As this moves forward, undoubtedly there may be additional circumstances that merit a warning, or some of the existing warnings may need to be adjusted or removed.
I would just like to note, you know, for posterity, that Wordpress 2.0.2 serves all of its RSS 0.92 and 2.0 feeds (including comment feeds) as “Content-type: text/xml; charset=...”.
Since I’ve failed thus far to get anyone else to do some 'splainin, maybe you’ll know: why, in that detection heuristic you and Ben copied from IE7, is RSS 1.0 sniffed as “<rdf:RDF” and the RDF namespace URI?
Other than typos, how big is the set of documents with an rdf:RDF element which does not declare the RDF namespace?
And in contrast, how big is the set of documents with an element named feed, in either the default namespace or no namespace, which are not Atom?
That sure seems to me like three tests for RSS 1.0 where two would do, following one test for Atom where two would do.
That sure seems to me like three tests for RSS 1.0 where two would do, following one test for Atom where two would do.
Phil, you know as well as I do that shortly after the euphoria of “for web content interoperability, copying is good” stage passes, the heuristics will evolve and diverge; and inevitably the finger pointing stage will quickly follow.
As you and I are following the one spec that is clear, we are more safe than most from this.
As to the people who serve RSS feeds with the potentially unregisterable application/rss+xml MIME type, or serve Atom feeds with the not-specific enough to be useful application/xml MIME type — I don’t yet have the data to show that there is demonstrable harm by their ignoring the specs in this manner, but when I do, I will update the Feed Validator accordingly.
I remember what stopped me before (my memory is rusty, but in my defense it was three years ago).
The RSS 2 spec is made available under the Creative Commons Attribution/Share Alike 1.0 license.
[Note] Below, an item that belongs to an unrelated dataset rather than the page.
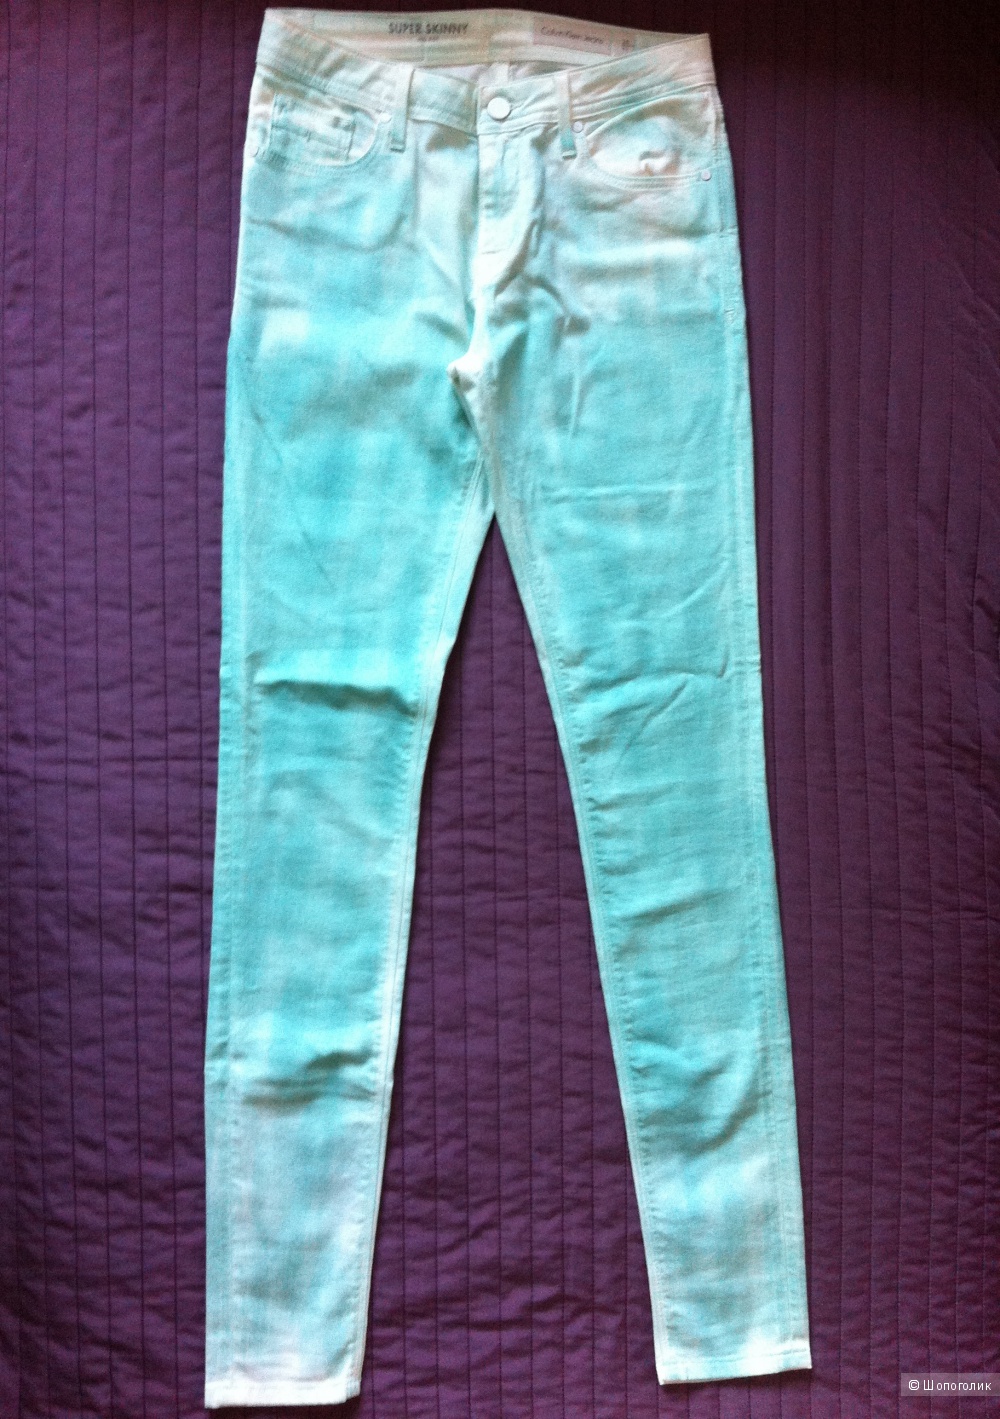 Джинсы Calvin Klein Jeans, 28 размер

Its terms include a stipulation that any derivative works must be published under an identical license; in particular “you may not offer or impose any terms on the Derivative Works that alter or restrict the terms of this License,” and “you must keep intact all copyright notices for the Work.”
Given that, my layman’s reading (as always, IANAL) was that RSS2 can’t be republished as an Internet-Draft or an RFC, at least without special dispensation from the copyright holders. I sent a few exploratory e-mails to both the CC folks and the Berkman folks, but that didn’t get anywhere.
If anyone can dig up better info than this (or better yet, get permission from Berkman), that would be great. I guess the other path would be to get permission from the RSS 1.0 authors to submit it as an I-D, or get them to submit it as a W3C Note.
Otherwise, application/rss+xml very well may be unregisterable.
I don’t understand why the spec text needs to be an RFC (instead of having minimal IETF language that references the format spec). Granted, application/msword way have slipped in at another time but still there are new non-vnd media types for non-IETF formats.
They made concessions in the past for legacy formats, but the process has tightened up considerably since. I tried precisely that — referencing a widely-used, but not “stable” document — in 2003, and it didn’t pass muster. I do wonder if trying again now would have a different result.
BTW: strictly, it doesn’t need to be an RFC; it just needs to be “stable.” A W3C Note would do the trick, for example. Even getting an RFC isn’t that hard, really — if you have copyright.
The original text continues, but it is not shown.